Book report: Sacajawea by Anna Lee Waldo

I've been thinking about adding regular book reviews to my blog highlighting some of the more memorable things that I'm reading or have read. Since I won't be cleaning again until Thursday or so (I do work some days), I thought I would start with a book that helped jump start all this cleaning in the B-house.

During my elementary school years, I became quite obsessed with all things Native American. I think this all happened when my mom started investigating our family tree and spoke of our Algonquin ancestors.
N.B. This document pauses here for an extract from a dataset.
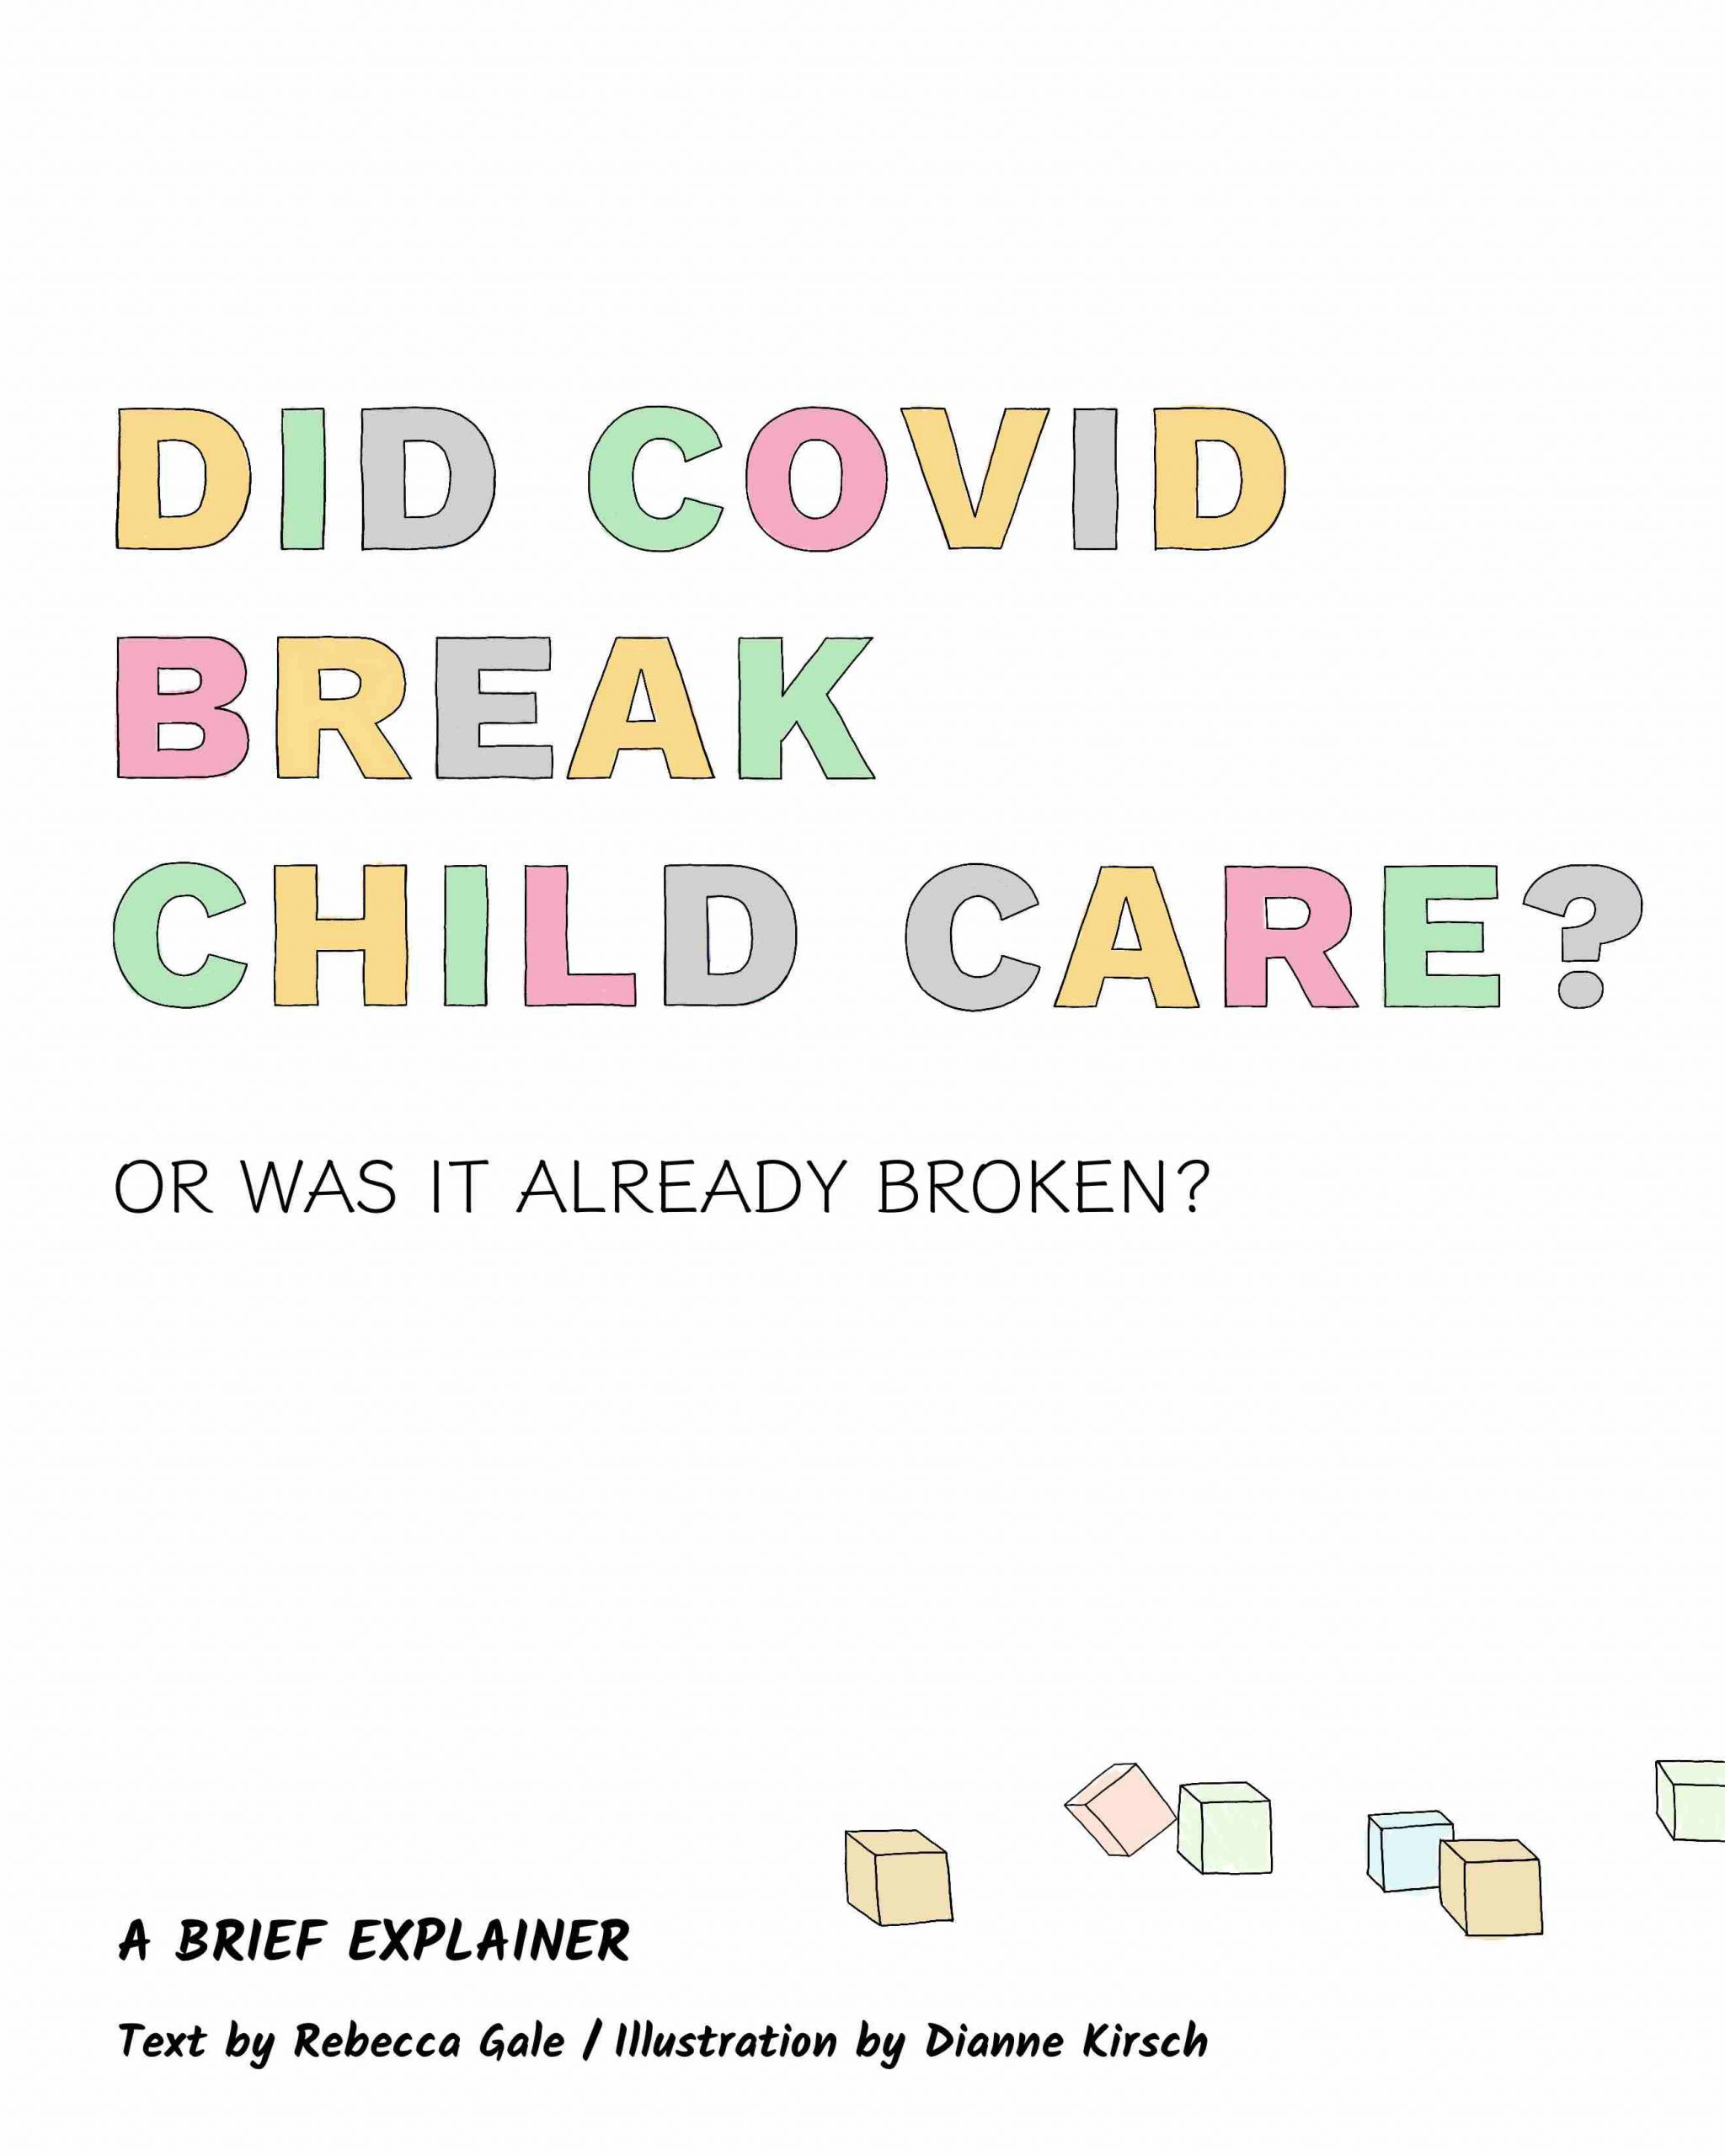 DID COVID BREAK CHILD CARE OR WAS IT ALREADY BROKEN? A BRIEF EXPLAINER Text by Rebecca Gale/ Illustration by Dianne Kirsch

Needless to say, when it came time to do a book report on a biography, I chose Sacajawea (it may or may not have been this book. The cover looks familiar). While I was imagining myself crossing the Rocky Mountains with a Cabbage Patch kid strapped to my back, my mom was reading Anna Lee Waldo's masterpiece of a novel about this legendary woman. I just recently finished it for myself, and I find myself even more fascinated with this amazing woman.

The novel itself is huge; the paperback is 1359 pages. Ms. Waldo certainly did her research and includes transcriptions of primary source materials, speculations about Sacajawea's life, and plentiful source documents. I loved every word of this novel. The writing paints such a vivid picture of what Sacajawea's life may have been from her kidnapping early in life to her marriage to a French Canadian trapper to her travels with Lewis and Clark and so much more. This woman was inspiring and amazing if only because she did indeed travel across our country on foot with a baby strapped to her back. But her life included so much more than that life changing trip.

What struck me most while reading this book, though, was a continuing recurrence of Sacajawea's small pouch that she always kept close containing her most prized possessions. That's it: one small pouch. It contained a blue bead from her grandmother, a memorable feather, a medal, a bead from another time in her life, and a few other items. That's it. Granted, she had other possessions at various times in her life, but these were the things that she held most dear (at least according to the author). If Sacajawea, arguably one of the most important women in American history, only had need of these few small tokens to savor her momentous life, why in the world do I have an entire house filled with STUFF? Thus began the purge.

I think everyone should read this book. Yes, it took quite a bit of time, but it was time so well invested. I got so wrapped up in it, that I almost forgot to read the last book for the Ledger Book Club. Good thing The Man in Uniform by Kate Taylor (also a good read) was a quick read.